The Meeman Archive, the nation’s collection of environmental reporting in newspapers, is housed at Michigan State University.

The collection, which was donated to MSU’s Knight Center for Environmental Journalism, is part of a growing collection of resources on environmental journalism, including books, audiotapes, videotapes and other materials.

"We are delighted to have been given such a valuable collection," said Jim Detjen, director of MSU’s program. "The Meeman Archive will serve as a valuable resource for students, journalists and scholars."

The archive contains copies of more than 1,400 articles on environmental topics that were published between 1980 and 1996 in American newspapers.

Knight Center graduate assistant Hannah Northey is working with Joy Palmer, projects director of MATRIX The Center for Humane Arts, Letters, and Social Sciences Online, to organize the collection. They hope to create a searchable database that will enable researchers to find articles on specialized topics.

"My hope is that we will be able to develop ways to make the archive into a useful resource," Detjen said. "When they were housed at the University of Michigan access to the collection was very limited. We hope to make the collection much more accessible to journalists, students and researchers."

One of the ideas under exploration is to place summaries of the articles and some of the award winning series in the collection onto MSU’s environmental journalism program web site.

The Meeman Archive was established in 1982 with grants from the Scripps Howard Foundation. Among the articles in the collection are newspaper stories submitted to the Scripps Howard Foundation as part of its Edward J. Meeman national environmental journalism contest and to the Washington Journalism Center as part of the Thomas L. Stokes awards for natural resources reporting.

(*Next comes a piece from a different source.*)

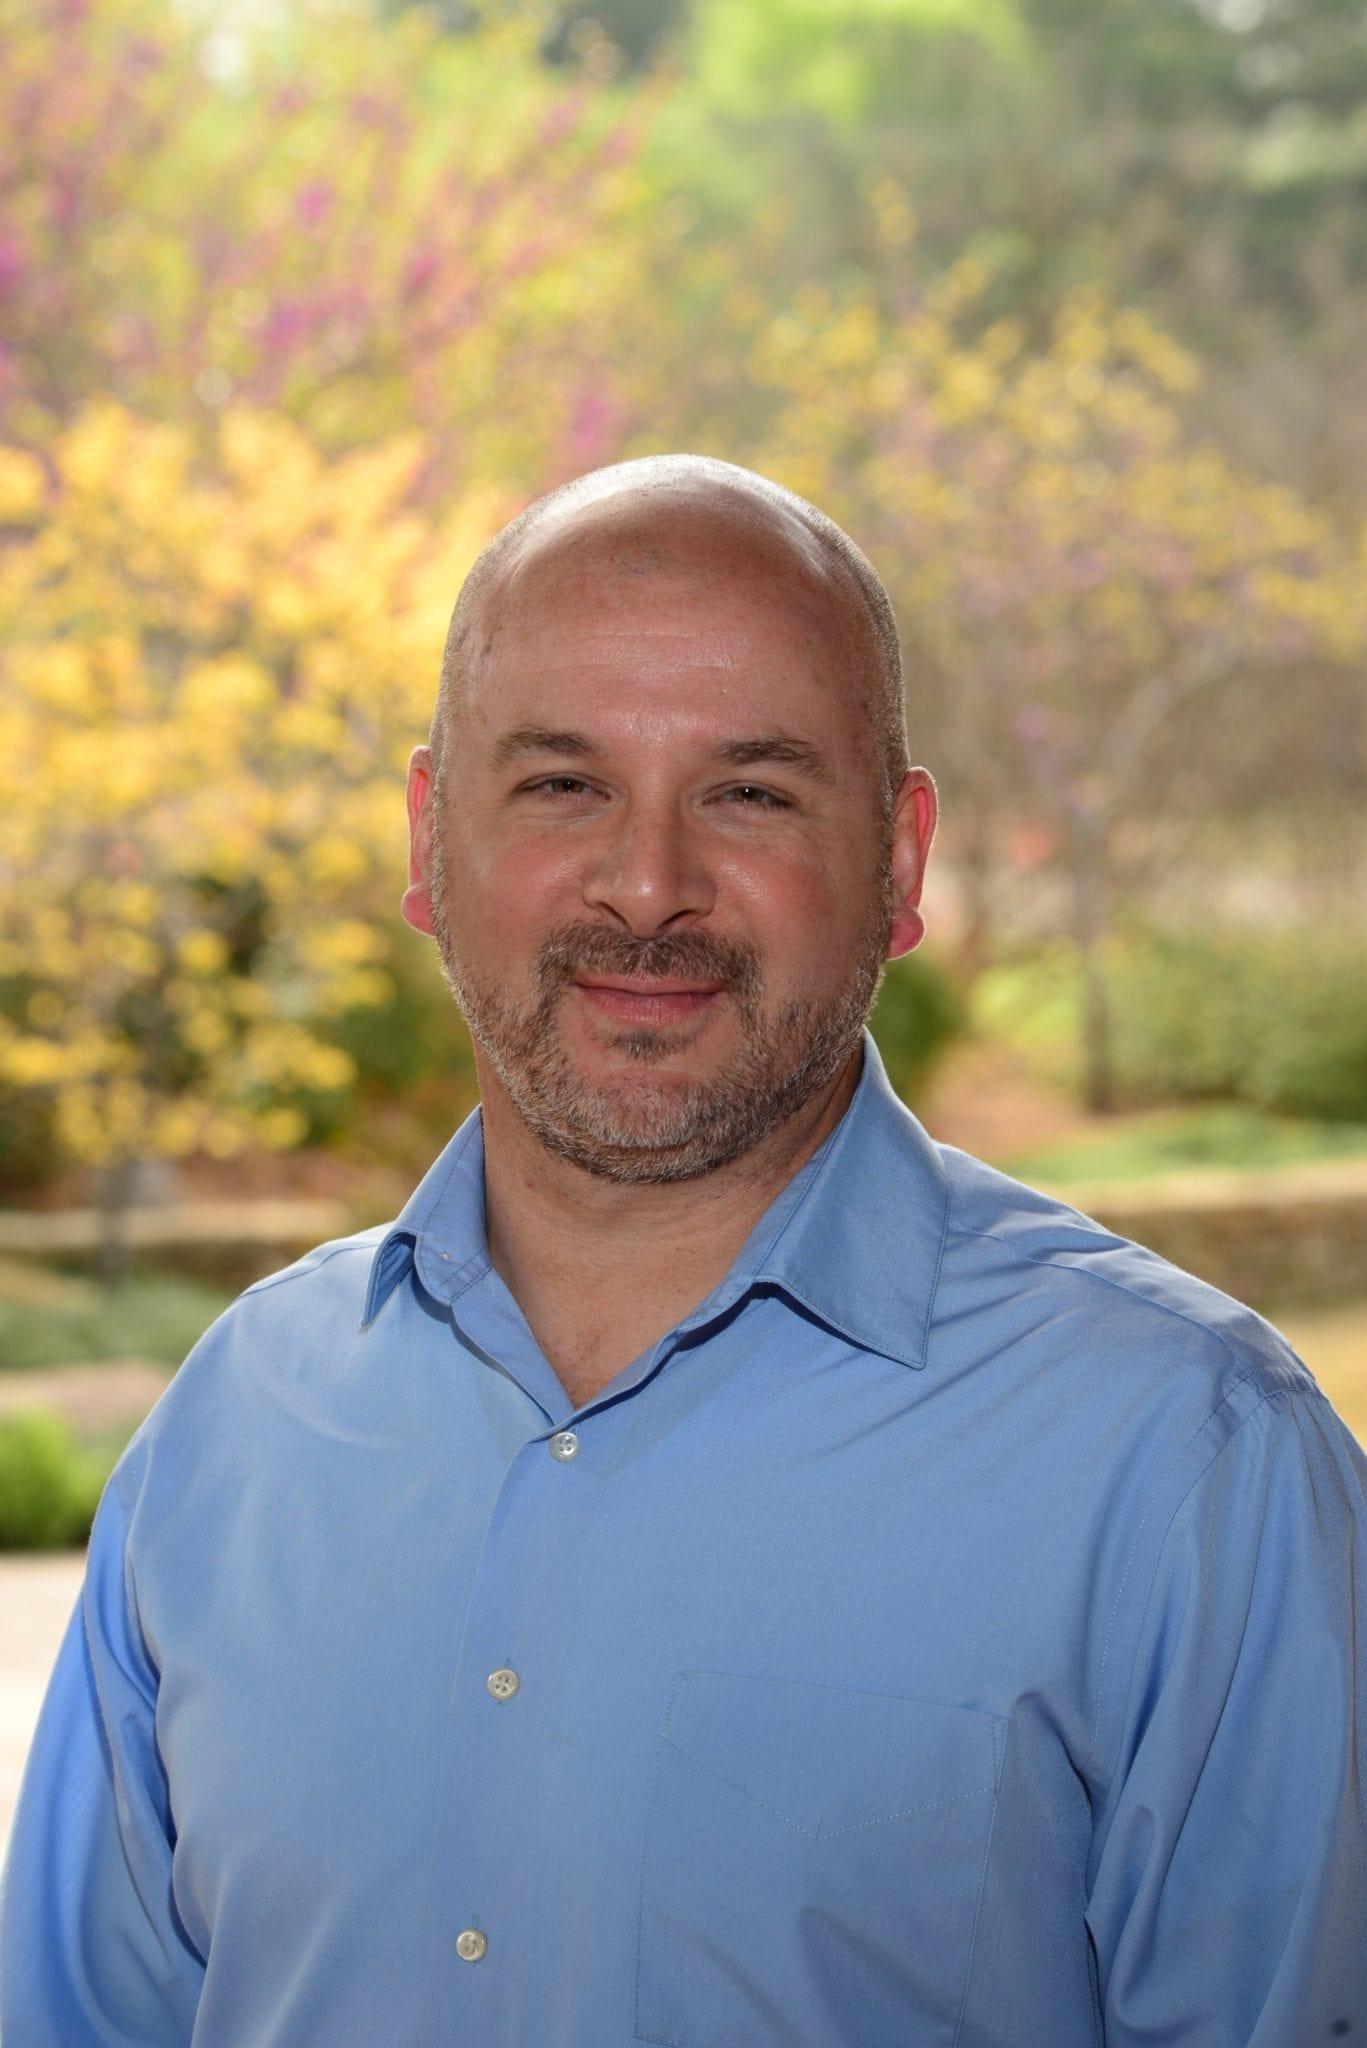 Rodney Skyles, Director of Operations
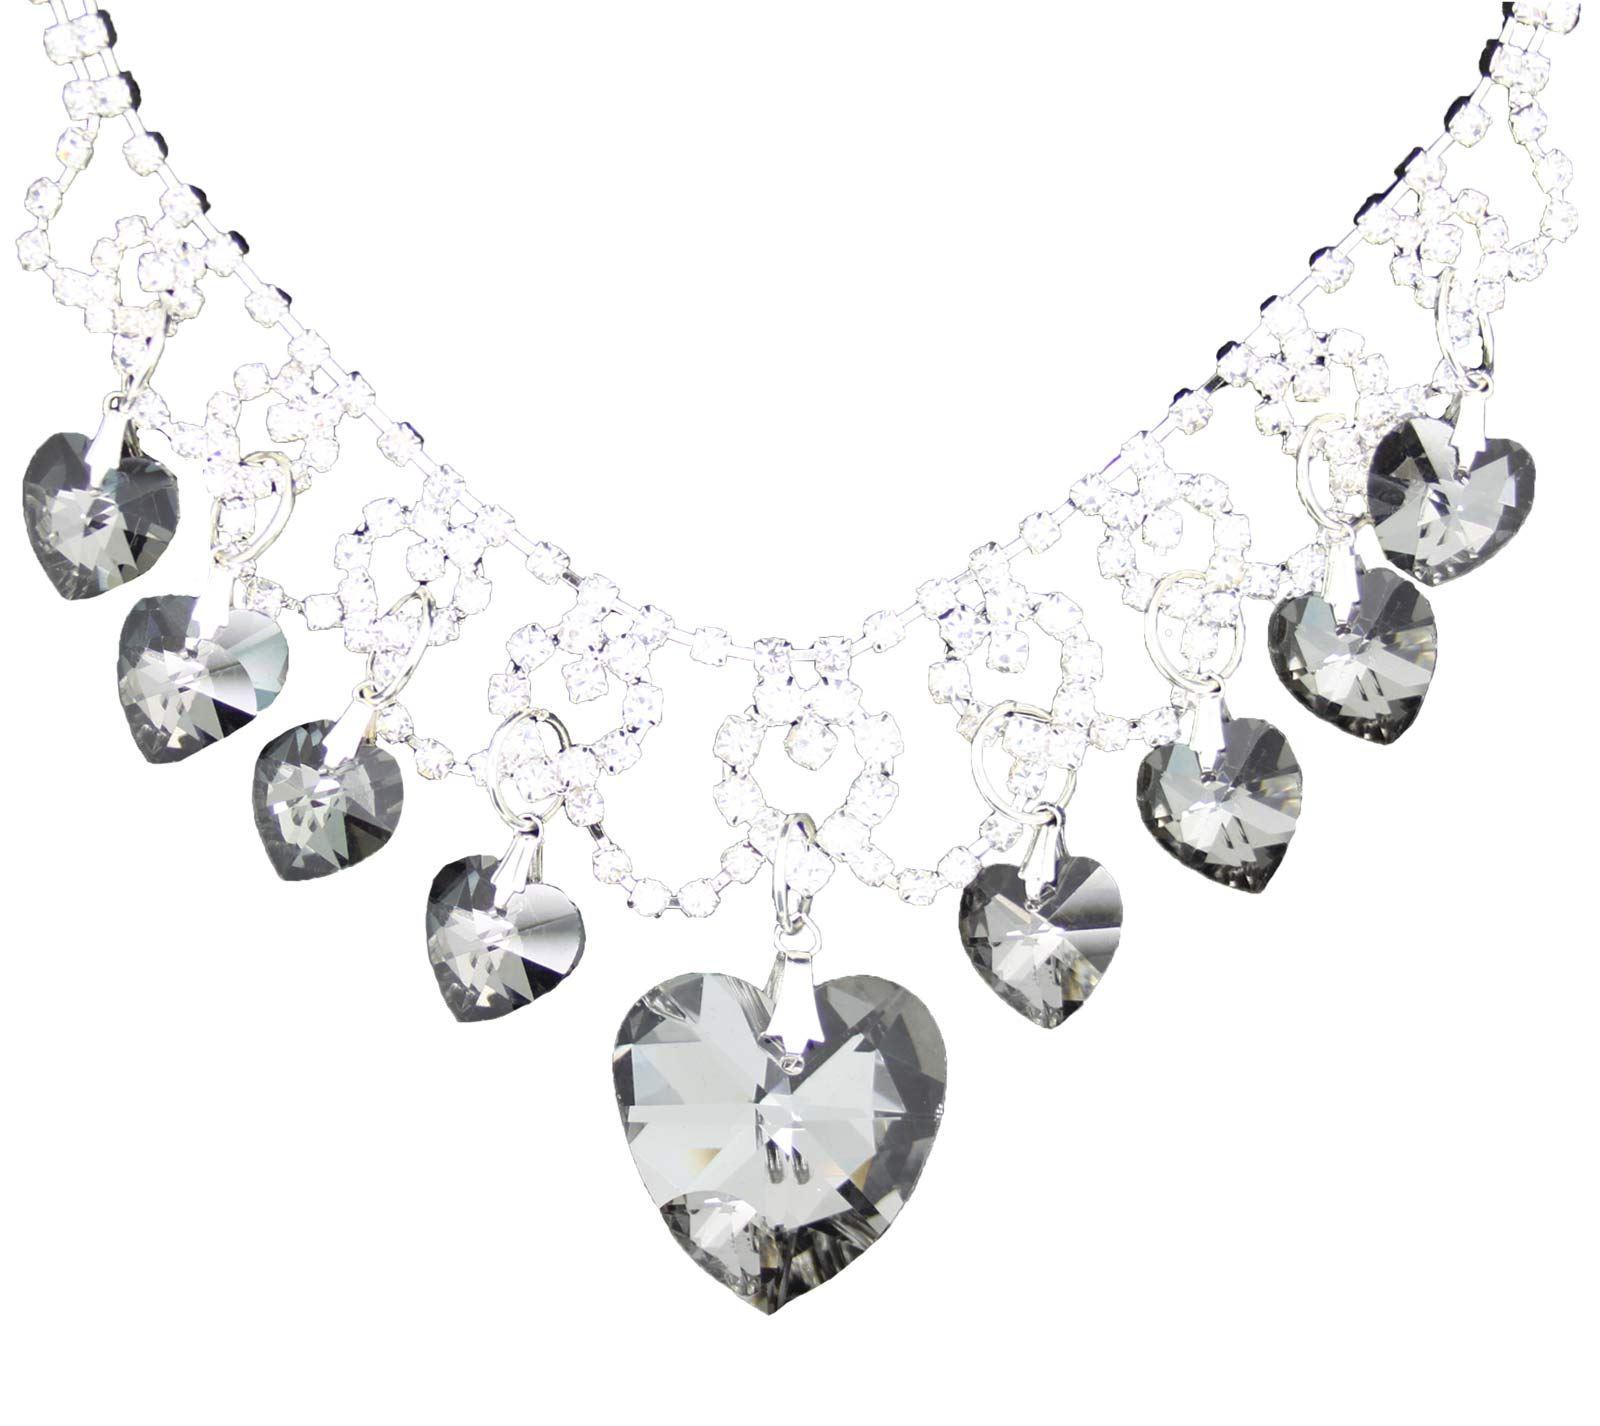 True-Face-Ladies-Women-039-s-Elegant-Earrings-Necklace-Set-Metal-Alloy-Jewellery thumbnail 22

In addition to the Meeman Archive, a variety of other materials are housed in the collection. These include audio tapes of interviews that Philip Shabecoff, the former national environmental writer for the New York Times, conducted with many world environmental leaders, including Vice President Al Gore.

More recently, Shabecoff donated to the MSU Environmental Journalism Program more than 100 books on environmental topics. Other journalists, including Mark Schleifstein, a Pulitzer Prize-winning reporter at The New Orleans Times-Picayune, have donated copies of their award-winning articles.

"We are delighted at the generosity that Phil Shabecoff and Mark Schleifstein have demonstrated," said Detjen. "We hope that others will also donate articles, books and tapes to the Environmental Journalism Archive."